The 2008–09 GP2 Asia Series season was the second season of the GP2 Asia Series. It began on 18 October 2008 and ended on 26 April 2009 and consisted of eleven races at six events.

== Season summary ==
All teams from the 2008 GP2 Series season except for Racing Engineering took part in the competition, with the thirteenth slot being filled by Qi-Meritus Mahara. The reigning champion Romain Grosjean did not defend his title.

Kamui Kobayashi clinched the title with a fourth place at the penultimate race in Bahrain. 8 different winners were in 12 races: Kamui Kobayashi become champion, after Japanese won in two consecutive feature races at Dubai Autodrome, and at Bahrain International Circuit.

Diego Nunes won the last two feature races at Sepang International Circuit, and at Bahrain International Circuit. Roldán Rodríguez wins in first race of the season.
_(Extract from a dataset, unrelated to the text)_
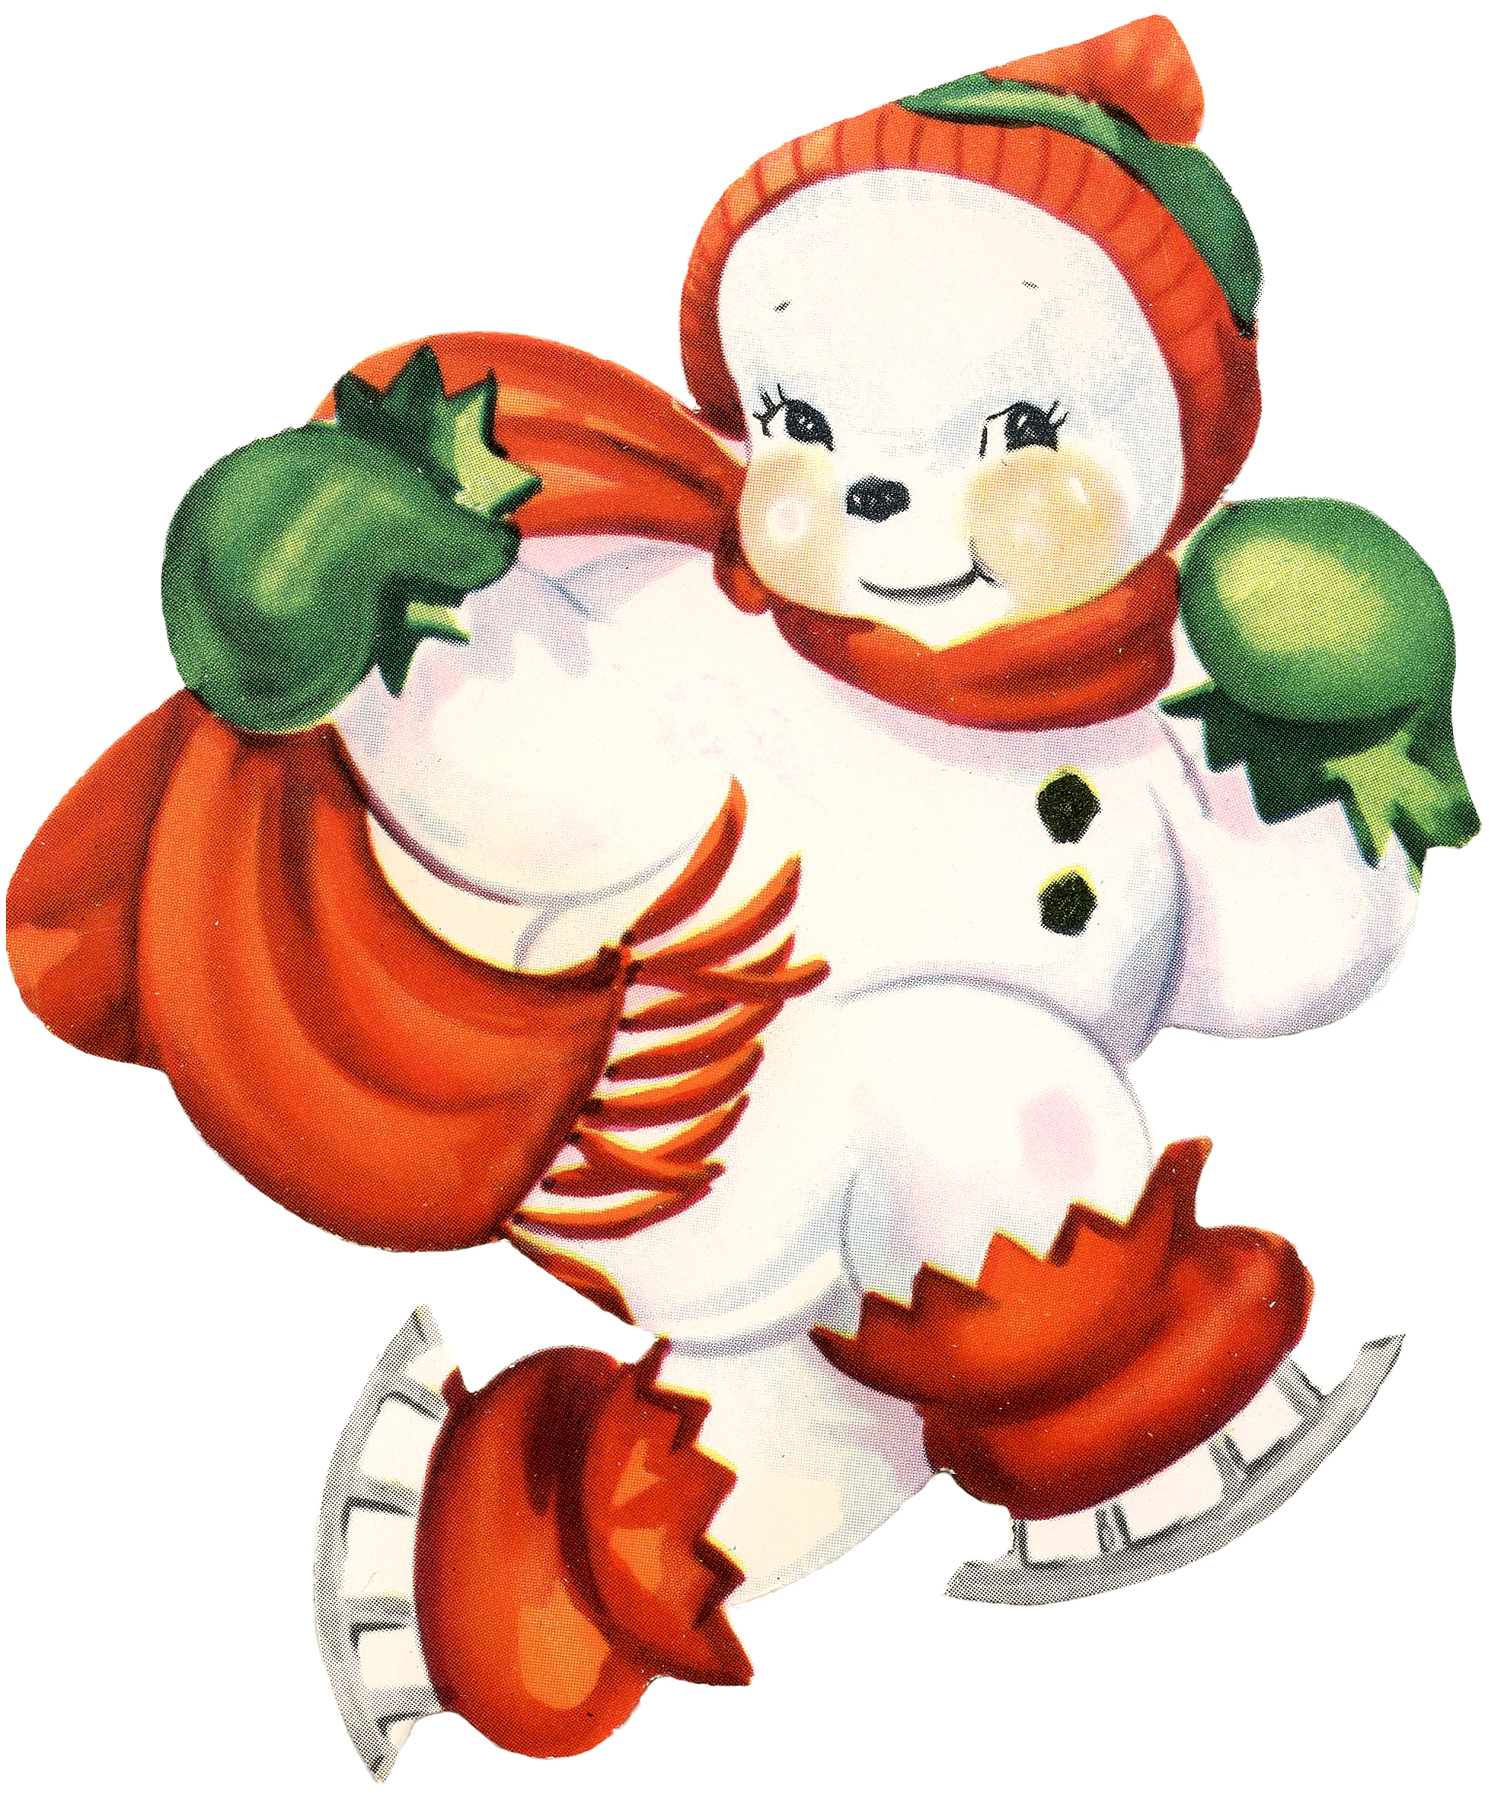 Cute Snowman Image Retro - The Graphics Fairy

Nico Hülkenberg, Luiz Razia, Vitaly Petrov, Davide Valsecchi, and Sergio Pérez each other won one race.

==Teams and drivers==
All of the teams used the Dallara GP2/05 chassis with Renault-badged 4.0 litre (244 cu in) naturally-aspirated Mecachrome V8 engines order and with tyres supplied by Bridgestone.

Team: No.; Driver; Rounds
FRA ART Grand Prix: 1; JPN Sakon Yamamoto; All
2: FRA Nelson Philippe; 1
VEN Pastor Maldonado: 2, 5–6
DEU Nico Hülkenberg: 3–4
NLD Trust Team Arden (1–2) NLD Arden International Motorsport (3–6): 3; BRA Luiz Razia; All
4: FIN Mika Mäki; 1
NLD Renger van der Zande: 2
ITA Edoardo Mortara: 3–6
ESP Barwa International Campos Team: 5; RUS Vitaly Petrov; All
6: MEX Sergio Pérez; All
FRA DAMS: 7; BEL Jérôme d'Ambrosio; All
8: JPN Kamui Kobayashi; All
GBR GFH Team iSport: 9; NLD Giedo van der Garde; All
10: BHR Hamad Al Fardan; All
GBR Super Nova Racing: 11; ESP Javier Villa; All
12: GBR James Jakes; All
ITA Fisichella Motor Sport International: 14; ARE Andreas Zuber; 1–2
VEN Rodolfo González: 3–6
15: USA Kevin Chen; All
ITA Durango: 16; ITA Davide Valsecchi; All
17: BRA Carlos Iaconelli; 1
ITA Michael Dalle Stelle: 2–6
MYS My Team Qi-Meritus Mahara: 18; MYS Alex Yoong; 1–2
ITA Marco Bonanomi: 3–6
19: NZL Earl Bamber; 1–3
PRT Álvaro Parente: 4–6
BRA Piquet GP: 20; ESP Roldán Rodríguez; All
21: BRA Diego Nunes; All
GBR DPR: 22; ROU Michael Herck; All
23: JPN Yuhi Sekiguchi; 1
ITA Giacomo Ricci: 2–6
ESP BCN Competición*: 24; JPN Hiroki Yoshimoto; 1
25: ITA Luca Filippi; 1
PRT Ocean Racing Technology*: 24; NLD Yelmer Buurman; 2–5
IND Karun Chandhok: 6
25
ITA Fabrizio Crestani: 2–6
ITA Trident Racing: 26; ITA Giacomo Ricci; 1
BRA Alberto Valerio: 2
ITA Frankie Provenzano: 3–4
PRT Ricardo Teixeira: 5–6
27: NZL Chris van der Drift; 1–2
ESP Adrián Vallés: 3
ITA Davide Rigon: 4–6

- – Team was known as BCN Competición at round one in Shanghai, before Tiago Monteiro bought over the team's assets and renamed it as Ocean Racing Technology.

==Calendar==
On 12 July, GP2 Series organisers announced a provisional calendar for their second season. Unlike the first season of the GP2 Asia Series, this season will start prior to the new year, and be expanded to six events from the previous five. The Indonesian round has been dropped, while Bahrain earns a second event and Shanghai earns its first GP2 races. Shanghai will also host the official GP2 Asia Series test session prior to the start of the season.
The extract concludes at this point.